::: Recorded information :::
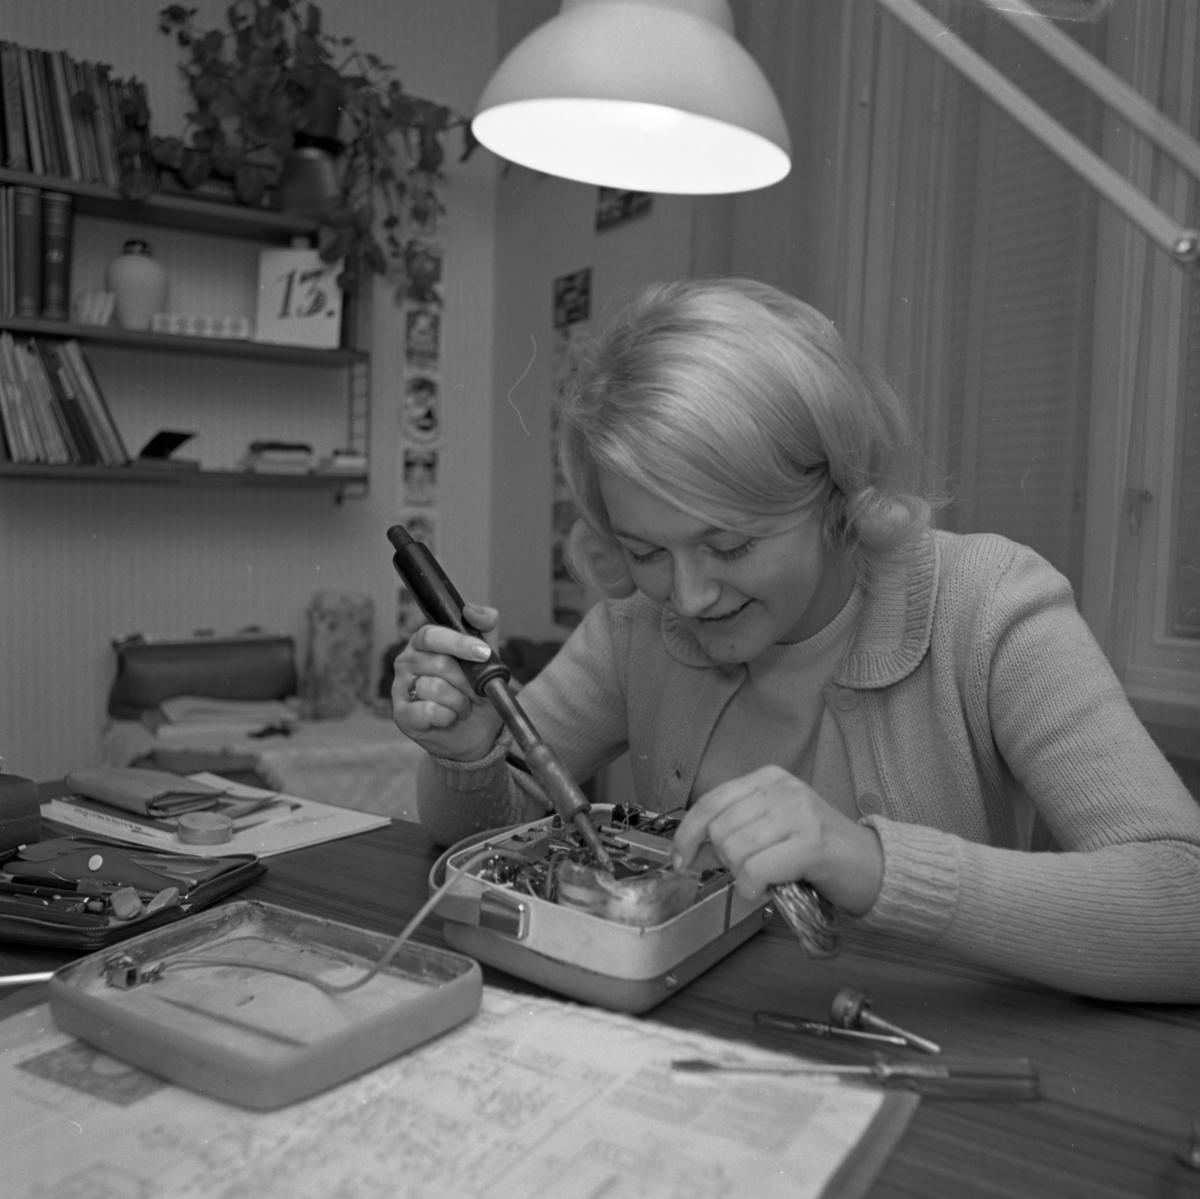 Ann-Britt Gustafsson, årets Lucia. Ung kvinna som sitter vid skrivbordet. Framför henne ligger en isärtagen teknisk apparat. Hon håller en skruvmejsel i ena handen. Fler mejslar liggar på skrivbordet. En skrivbordslampa syns. På väggen hänger en bokhylla, modell String, med böcker, prydnadssaker och en krukväxt.
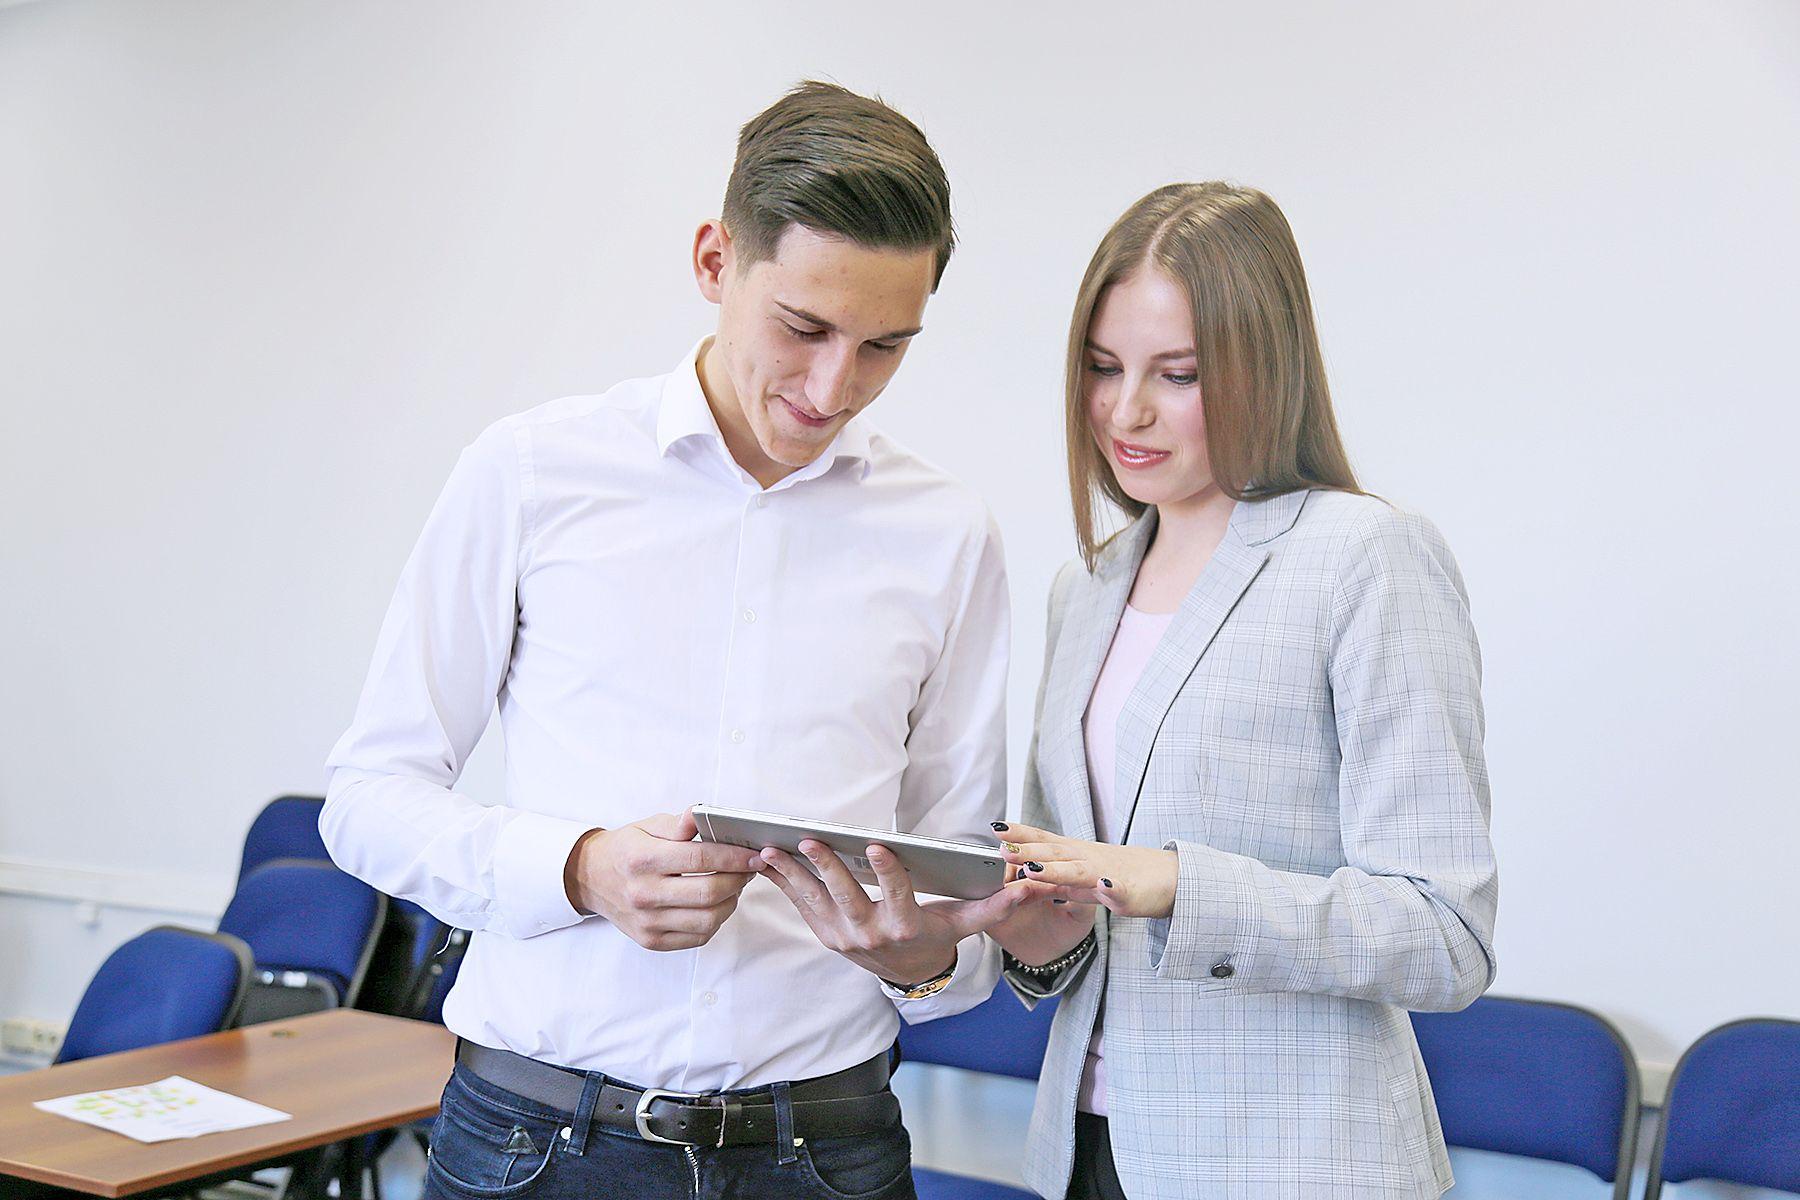 Эксперт ВГУЭС: HR-менеджер – многопрофильный специалист, востребованный на рынке труда
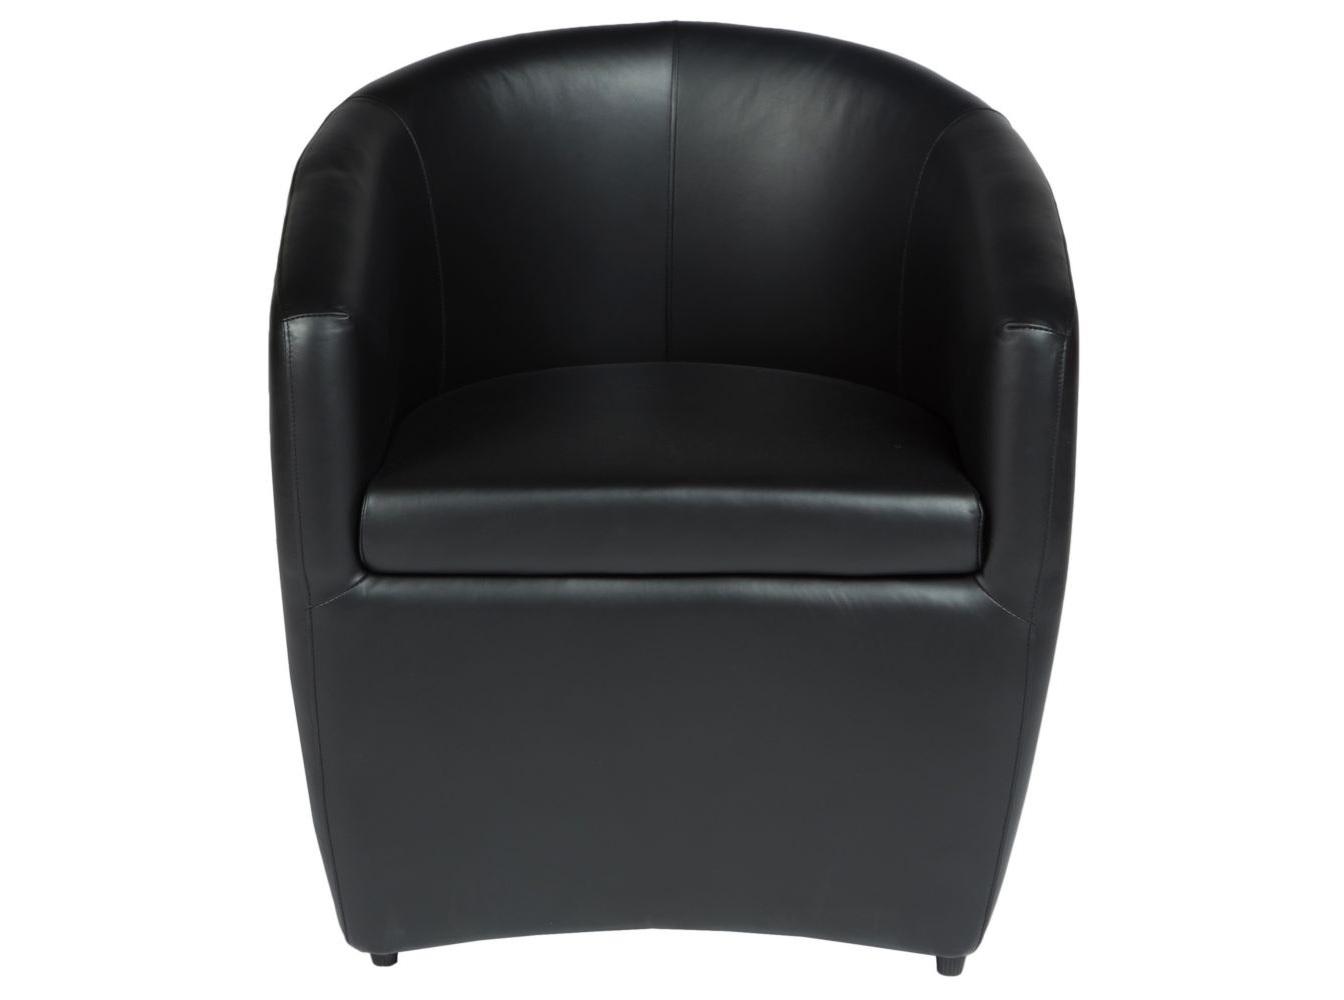 Кресло Jess darkКожаные кресла<br><br><br>Material: Кожа<br>Ширина см: 66<br>Высота см: 72<br>Глубина см: 66
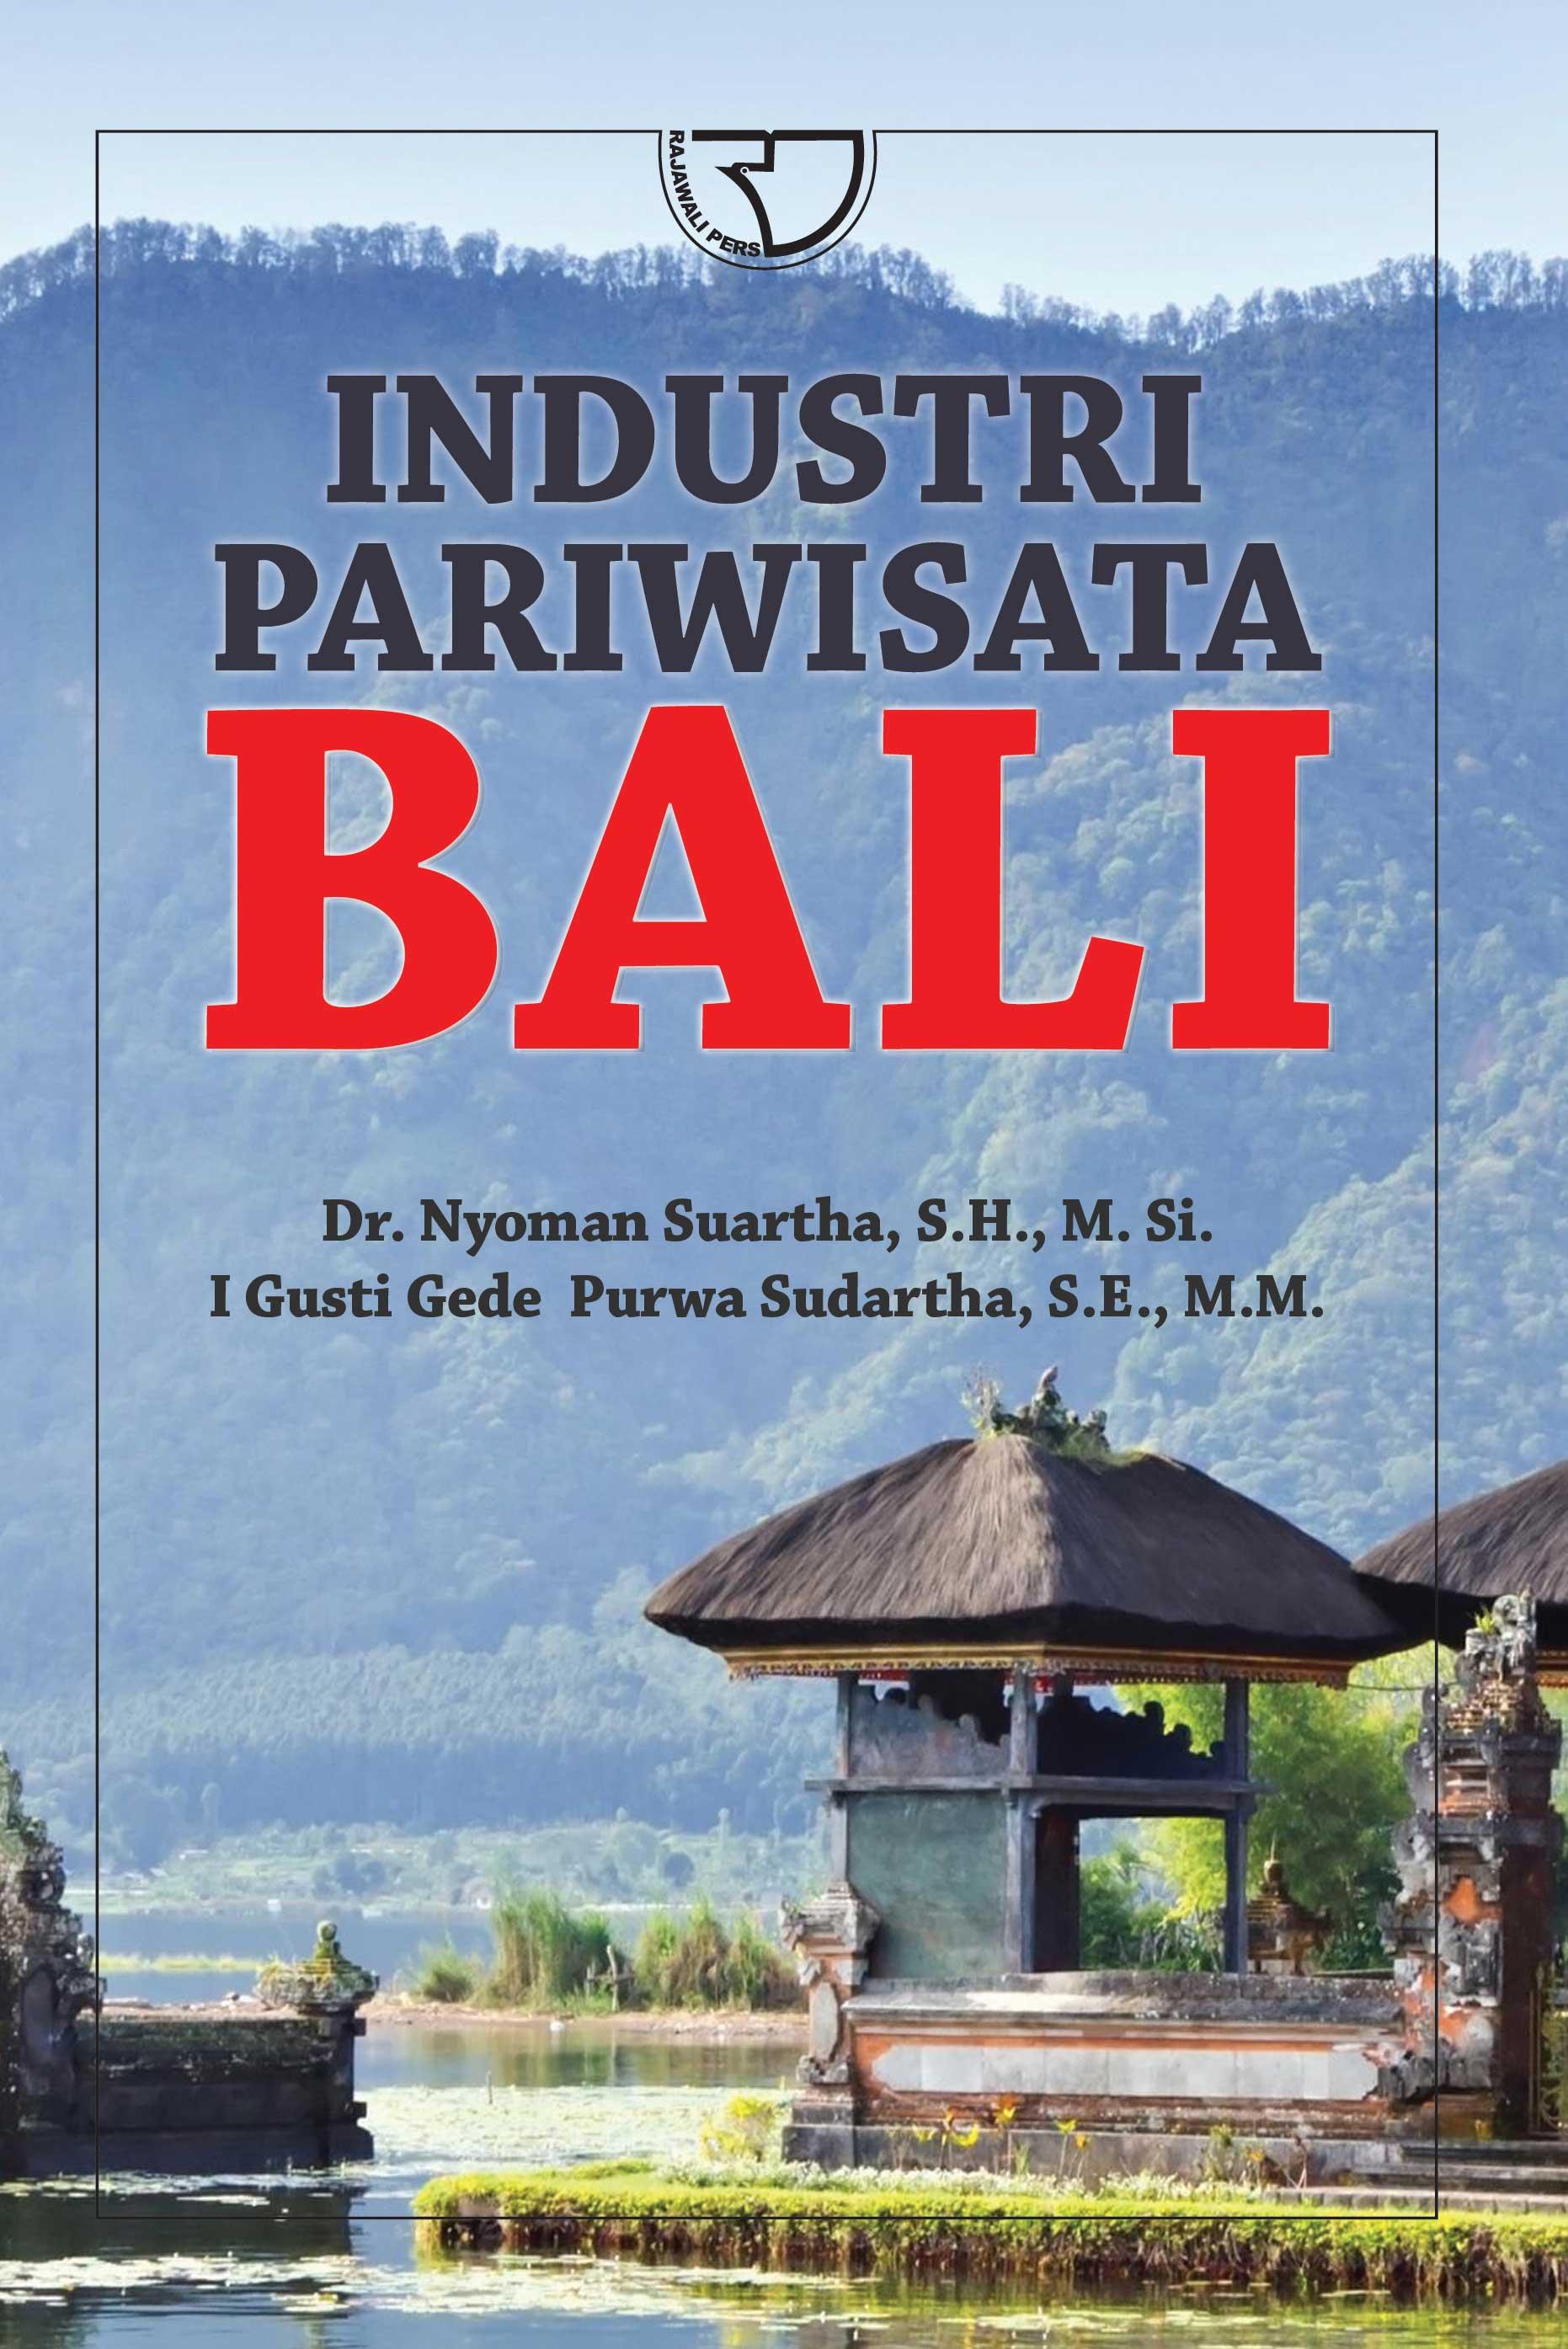 Industri Pariwisata Bali Nyoman Suanta I Gusti Gede
:::
Exclude the pictures. Write out the remaining data exactly.

* Answer for this exercise *
 Ann-Britt Gustafsson, årets Lucia. Ung kvinna som sitter vid skrivbordet. Framför henne ligger en isärtagen teknisk apparat. Hon håller en skruvmejsel i ena handen. Fler mejslar liggar på skrivbordet. En skrivbordslampa syns. På väggen hänger en bokhylla, modell String, med böcker, prydnadssaker och en krukväxt.
 Эксперт ВГУЭС: HR-менеджер – многопрофильный специалист, востребованный на рынке труда
 Кресло Jess darkКожаные кресла<br><br><br>Material: Кожа<br>Ширина см: 66<br>Высота см: 72<br>Глубина см: 66
 Industri Pariwisata Bali Nyoman Suanta I Gusti Gede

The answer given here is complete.